За окном зажглись натриевые лампы уличных фонарей, но они не смогли отогнать ночь.

— Вероятно, Реджина не обратилась в полицию и не выдвинула обвинения против Хоффрица, потому что ей нравилось такое обращение?

— Вероятно.

— Он так ее запрограммировал, что ей нравилось.

— Вероятно.

— Опыт, накопленный с первыми четырьмя девушками, не пропал зря.

— Да.

— Он потерял над ними контроль, но понял, в чем его ошибка. И еще до того, как Реджина попала под его влияние, модифицировал свой метод с тем, чтобы удерживать ее железной хваткой. — Дэн чувствовал, что должен двигаться, сбросить распиравшую его энергию. В пять шагов добрался до книжных стеллажей, вернулся обратно, положил руки на спинку стула. — Теперь при упоминании термина «коррекция поведения» меня будет тошнить.

— Это очень серьезная область исследований, достойное уважения направление психологии. — Мардж вступилась за свою профессию. — Благодаря методам, которые разрабатываются в рамках коррекции поведения, для детей облегчается процесс обучения, и они лучше и на более продолжительное время запоминают полученную информацию. Коррекция поведения помогает нам снижать уровень преступности, лечить больных, создавать более спокойный мир.

Если Дэну не терпелось от разговоров перейти к действиям, то Мардж, похоже, искала облегчения в летаргии. Она еще сильнее вдавилась в спинку кресла. Она привыкла принимать решения, могла найти выход из многих ситуаций, но, похоже, такие монстры, как Хоффриц, были ей не по зубам. И когда сталкивалась с тем, что не могла контролировать, из кадрового военного офицера превращалась в бабушку, которая с радостью бы оказалась в кресле-качалке с чашкой чая с медом в руках. Дэну такая ранимость в ней только нравилась.

Голос ее звучал устало.

— Коррекция поведения и «промывка мозгов» — далеко не одно и то же. «Промывка мозгов» — это извращение коррекции поведения, и Хоффриц не был обыкновенным человеком и не был обыкновенным ученым, а был извращенцем, как в первой, так и во второй ипостаси.

— Реджина до сих пор с ним?

— Не знаю. Последний раз я видела ее более двух лет тому назад, и тогда она была с ним.

— Если она не бросила его после того избиения, полагаю, ничто не заставит ее уйти от него. Так что, скорее всего, она по-прежнему с ним.

— Если только она ему не надоела, — вставила Мардж.

— Судя по тому, что я о нем слышал, ему не может надоесть человек, который боится его и во всем ему подчиняется.

Мардж мрачно кивнула.

Дэн взглянул на часы, торопясь двинуться дальше.

— Вы говорили, что Дилан Маккэффри был блестящим ученым, гением.
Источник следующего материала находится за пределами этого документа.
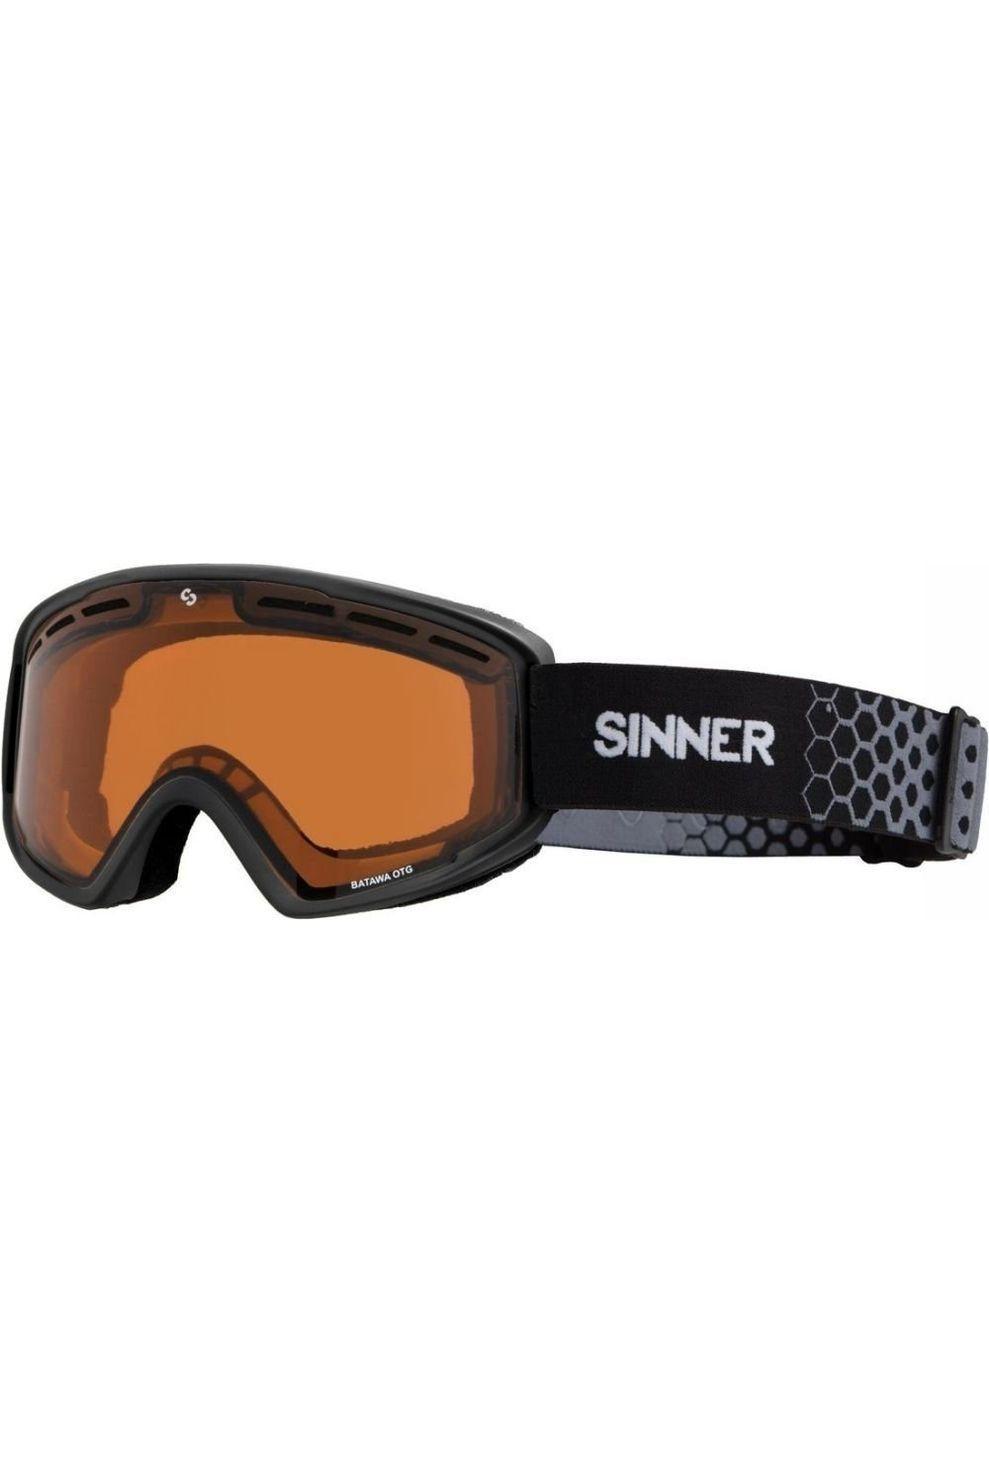 SINNER Skibril Batawa Otg voor heren - Zwart/Oranje

Вы бы могли сказать такое о Хоффрице?

— Пожалуй. Фактически да. Но его гениальность более черная, извращенная, злая.

— Вроде бы и с Маккэффри та же история.

— Нет, Хоффриц тут даст ему большую фору.

— Но если они начали работать вместе, получая существенное, возможно, неограниченное субсидирование, не сдерживаемые никакими юридическими или моральными ограничениями, комбинация получалась опасной, не так ли?

— Да. — Пауза. — Дьявольская.

Это слово, «дьявольская», казалось гиперболой, несвойственной Мардж, но Дэн не сомневался, что выбрала она это слово сознательно.

— Дьявольская, — повторила она, чтобы у него не осталось сомнений в том, что она глубоко встревожена.

* * *

В ванной Лаура смазала укус на руке Эрла Бентона йодом и заклеила пластырем.

— Это ерунда, — заверил он ее. — Не волнуйтесь.

Мелани сидела на краю ванны, уставившись в выложенную зеленой плиткой стену. Она ничем не напоминала ту фурию, что несколько минут тому назад яростно сражалась с ними в спальне.

— Человеческий укус более опасен, чем собачий или любого другого животного, — тревожилась Лаура.

— Вы залили ранку йодом, да и крови вытекло совсем ничего. Поверхностный укус. Даже не больно, — ответил, он, хотя Лаура знала, что ранка жжется.

— Вам в последнее время делали прививку от столбняка? — спросила она.

— Да. В прошлом месяце. Искали мы тут одну компанию. Так какой-то тип, когда его нашли, полез на меня с ножом. В общем-то, обошлось, всего семь швов, но прививку от столбняка мне на всякий случай сделали.

— Я сожалею, что все так вышло.

— Вы это уже говорили.

— Тем не менее сожалею.

— Послушайте, я знаю, девочка этого не хотела. А потом, такая у меня работа.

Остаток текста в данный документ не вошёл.